Genozip telemetry service
(compression logs)
What is Telemetry?
If the Genozip Telemetry Service is enabled, then when a file is compressed with genozip, a tiny record containing aggregate statistics regarding the performance of our compression methods and associated metadata is uploaded and logged on the Genozip server.
Our log record is tiny, and contains only the aggregate compression method statistics and metadata as specified below.
We use these logs primarily to catch problems with the quality of the compression, as well as to identify specific combinations of sequencing technologies, base callers, aligners, variant callers, and study types in which Genozip is not doing as well as it should.
We also use these logs to provide technical support to you in case of technical issues.
How to enable or disable Telemetry?
if you have a paid license, you will be asked to choose during license activation whether or not you permit telemetry. If you do choose to do so, it will greatly help us improve Genozip for your specific use case. You can always switch telemetry on or off by re-activating using genozip --activate.
If telemetry is disabled, you can still send telemetry for a single compression by using genozip --telemetry.

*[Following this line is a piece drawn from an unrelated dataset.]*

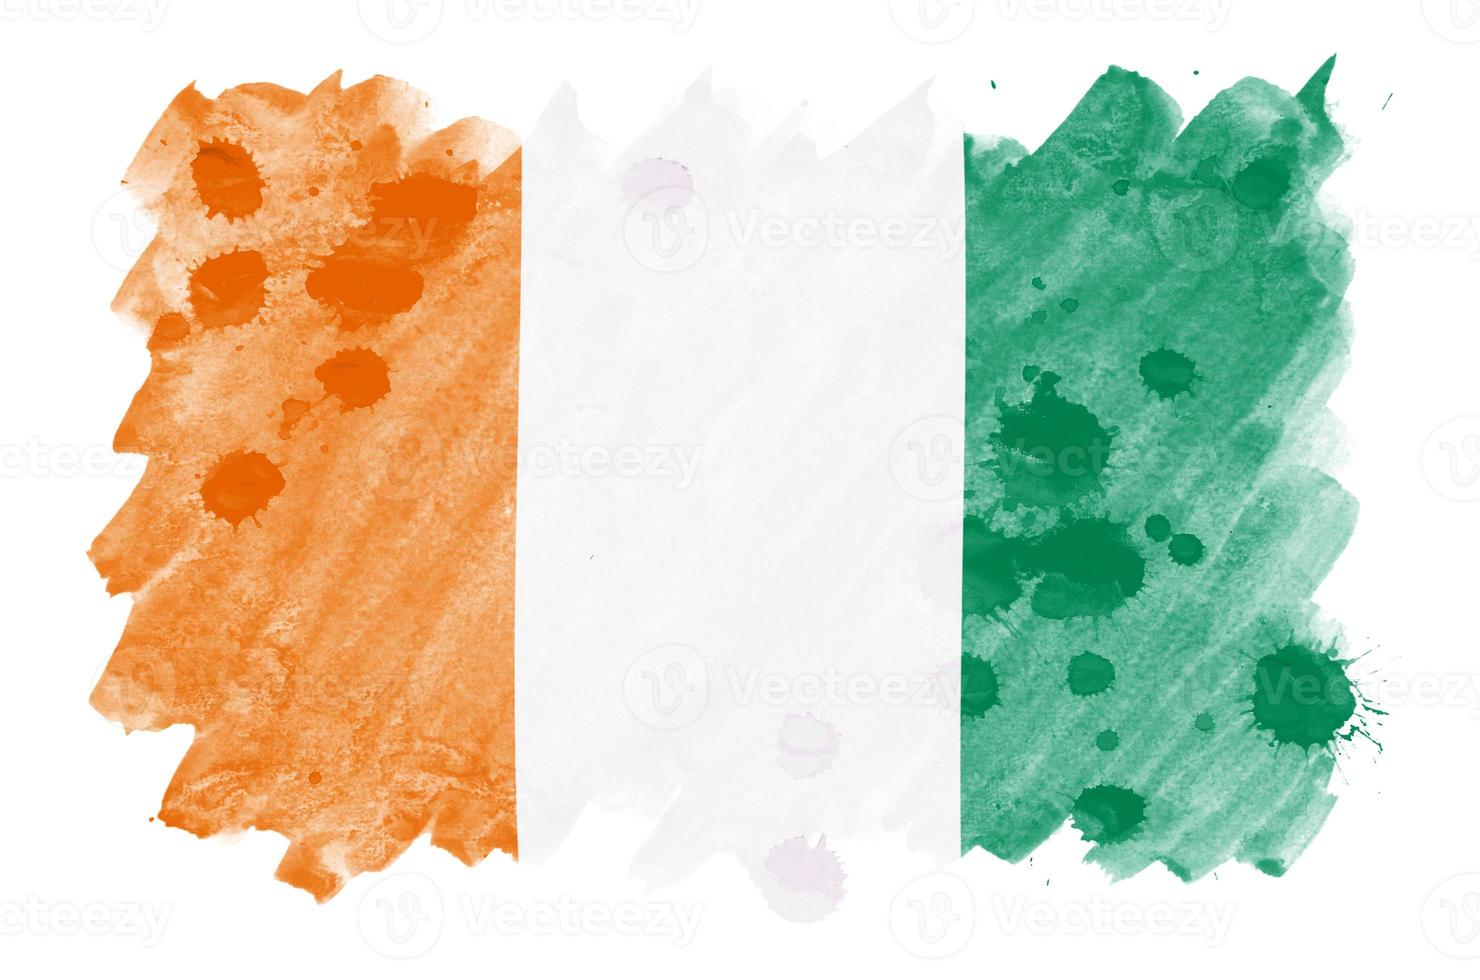 Ivory Coast flag  is depicted in liquid watercolor style isolated on white background photo

If you are using a Student or Evaluation license, telemetry is always enabled.
Data collected
The structure of a telemetry record is illustrated by the table below (one record per file compressed). This structure may continue to evolve over time as Genozip develops.

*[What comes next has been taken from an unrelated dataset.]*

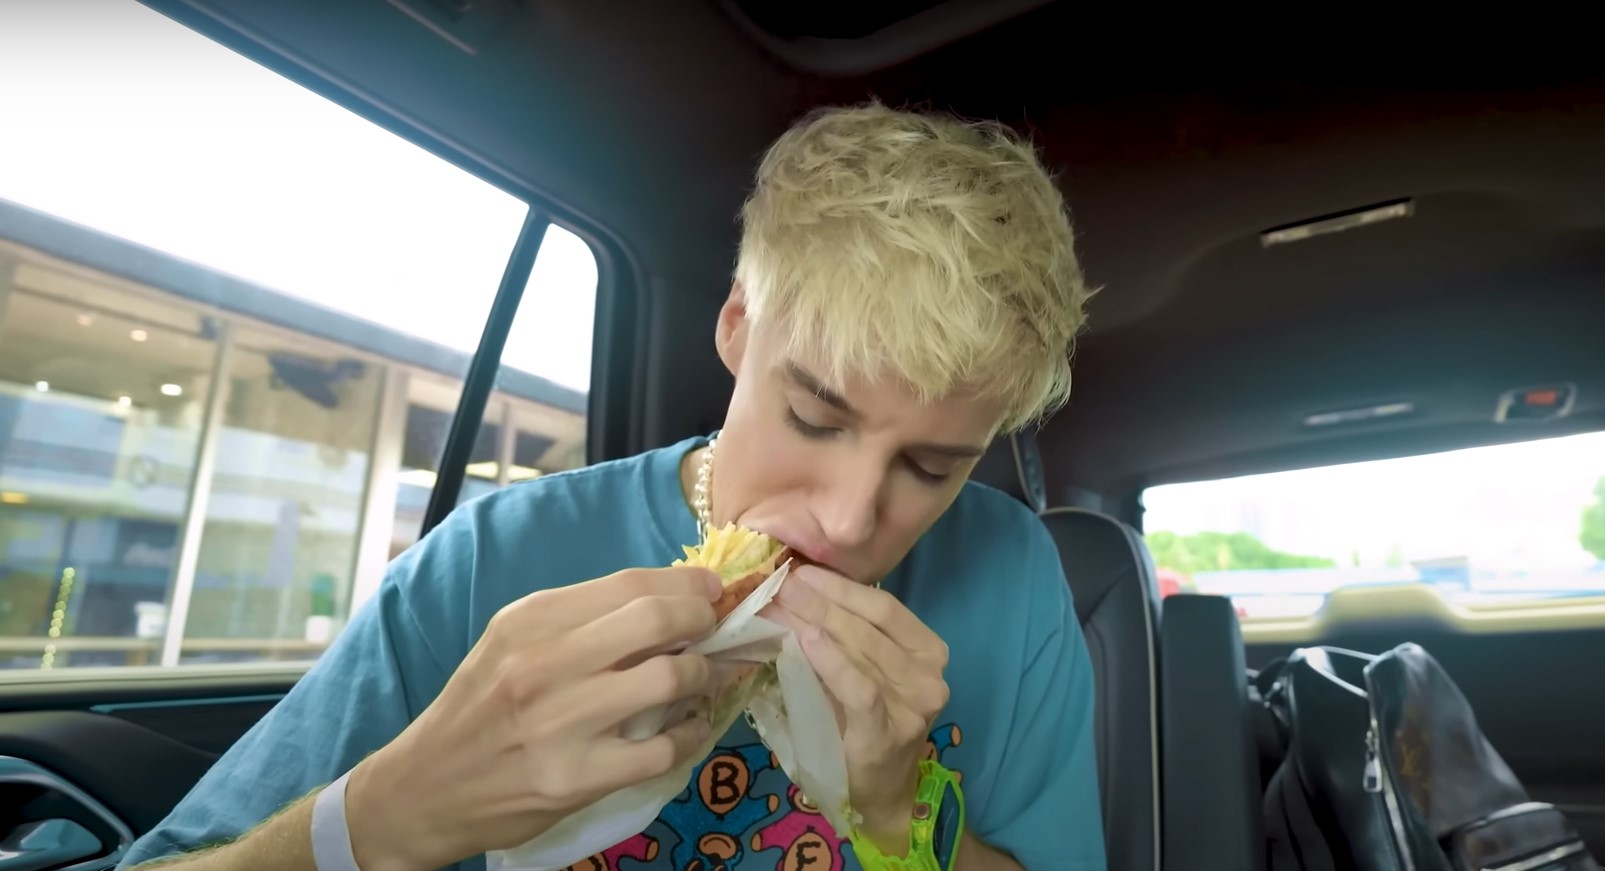 Portuguese Vlogger Raphael Gomes Eats At Miami’s TikTok-Hyped Restaurants For A Day

The precise record sent to Genozip can be seen by using the genozip --telemetry=FILE. This causes the telemetry record to be dumped to telemetry.json in the current directory.
Data retention policy
Telemetry logs may be retained indefinitely, or may be deleted if no longer needed, if required to do so by law or regulations, or if requested to do so by the user. To request deletion or to receive a copy of the records submitted under your license, please email support@genozip.com.
Troubleshooting
If you received the following error when trying to compress:
LICENSE ERROR: Failed to upload a telemetry record to the Genozip server
It is because you are using Genozip Student which requires telemetry, but sending the log record failed, probably because you do not have Internet connectivity or telemetry is blocked by your organization's firewall. If this issue persists, you might want to consider switching to Genozip Research which does not mandate telemetry.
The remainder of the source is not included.